Poor Rainbow Arts, poor Manfred Trenz.

In the space of three tormented months, two of the very best C64 games ever released had to be pulled from the shelves. Following on from Rainbow Arts' run-in with Nintendo over The Great Giana Sisters, it then faced another copyright infringement conundrum after Activision considered that Katakis was way too similar to R-Type - a game it owned the rights to and planned to release a port of. In both cases, Trenz was closely involved in their creation, so he can't have been too impressed either.

But such annoying trivia didn't stop most C64 owners enjoying the game, and both of these legally dubious titles more than justify their place among our line-up of Commie favourites.

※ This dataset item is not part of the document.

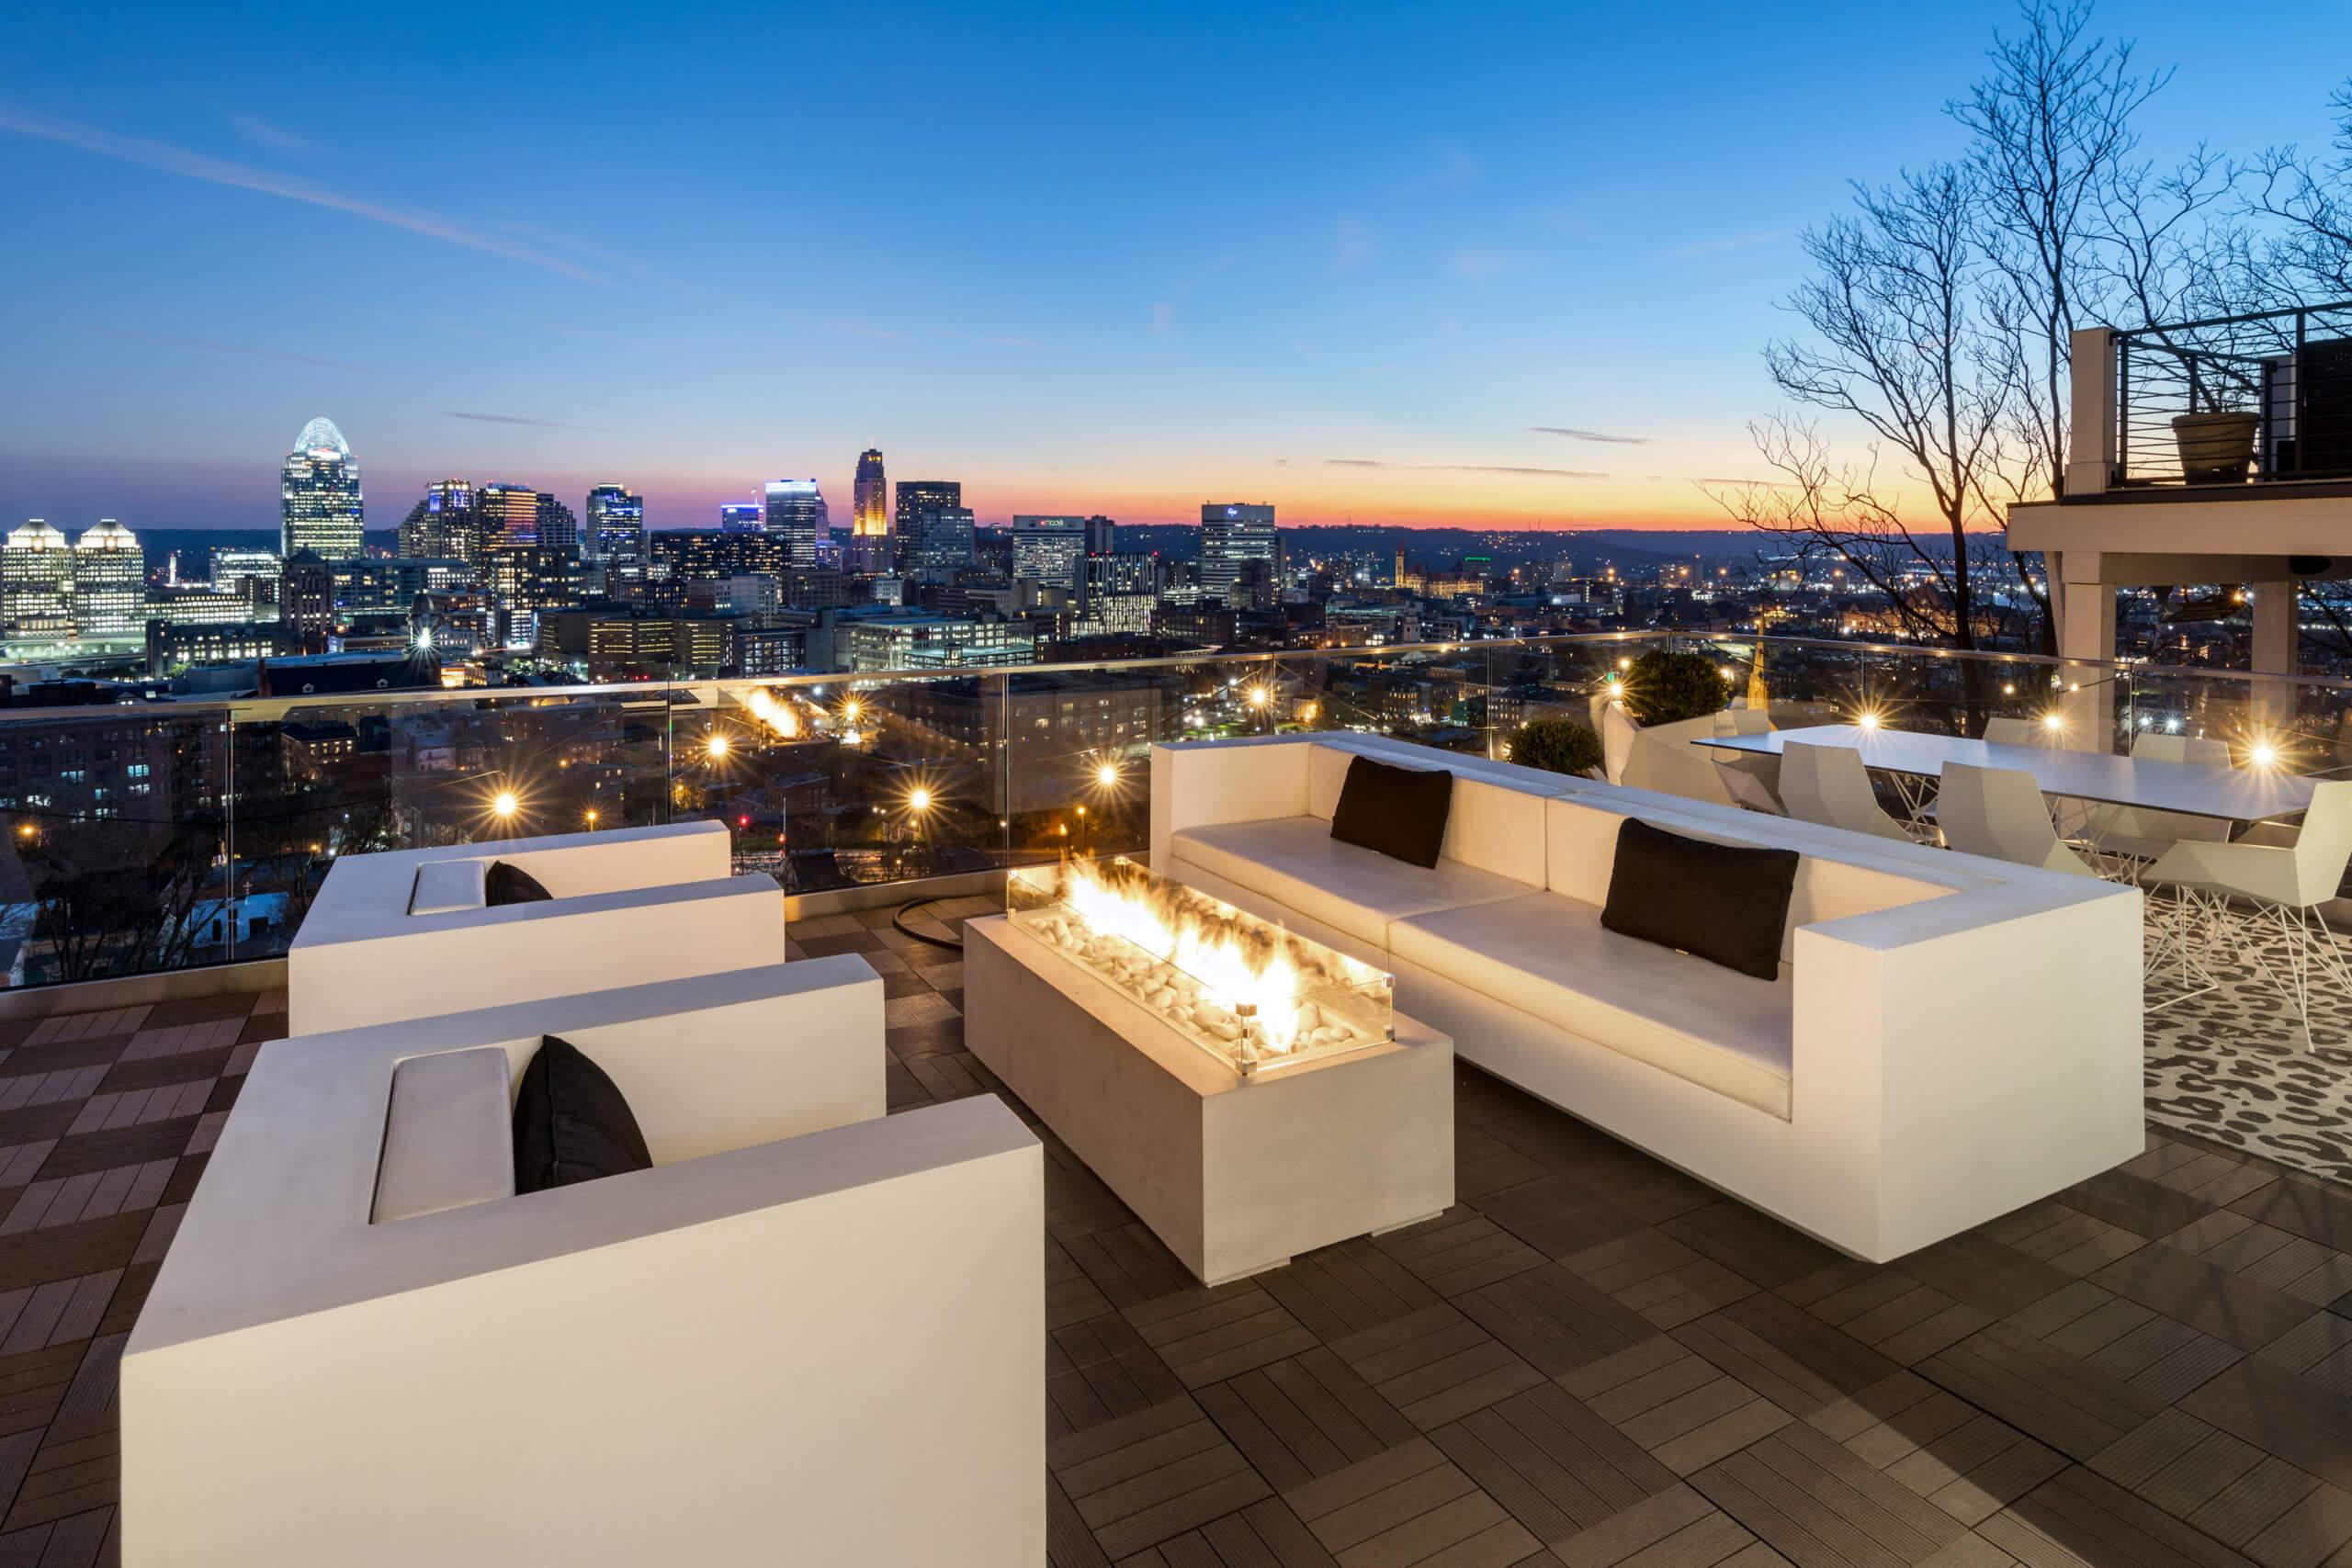 Contemporary Rooftop Design by Cincinnati Interior Designer RM Interiors with Skyline View

Did Activision have a point? Was it just a rip-off of R-Type? Hell yeah, and in actual fact was miles better than the eventual C64 port that came out later (that Trenz and Escher ironically also had to code - albeit within a ridiculous six week deadline). But rip-off is a bit much - Katakis was merely guilty of being too much of a tribute to R-Type for its own good, but as a result was easily one of the most stunning horizontal scrolling shooters ever to grace an 8-bit machine.

In basic gameplay terms it was the same game, with the same sort of enemies, the same power-ups, same style of backdrops, and those trademark huge bosses. Booting it up for the first time, it was hard to fathom how so much detail could have been lavish on each level - but then the next level would load in from scratch (hopefully on disk - you'd have to be a patient panda to stomach waiting for it to load from tape) and the penny dropped. Taking their cue from American developers who'd been using multiload techniques for years, it opened up the 64's capabilities to the max, with lavish levels packed with detail which would have previously not been possible with any normal game that loads in one go.

Needless to say, this sub genre has been honed and refined to a ridiculous degree now, but if you blur your eyes a bit, Katakis plays as well as it ever did. Just be aware that Denaris is effectively the same game, but with some graphical tweaks and level changes to appease the angry Activision.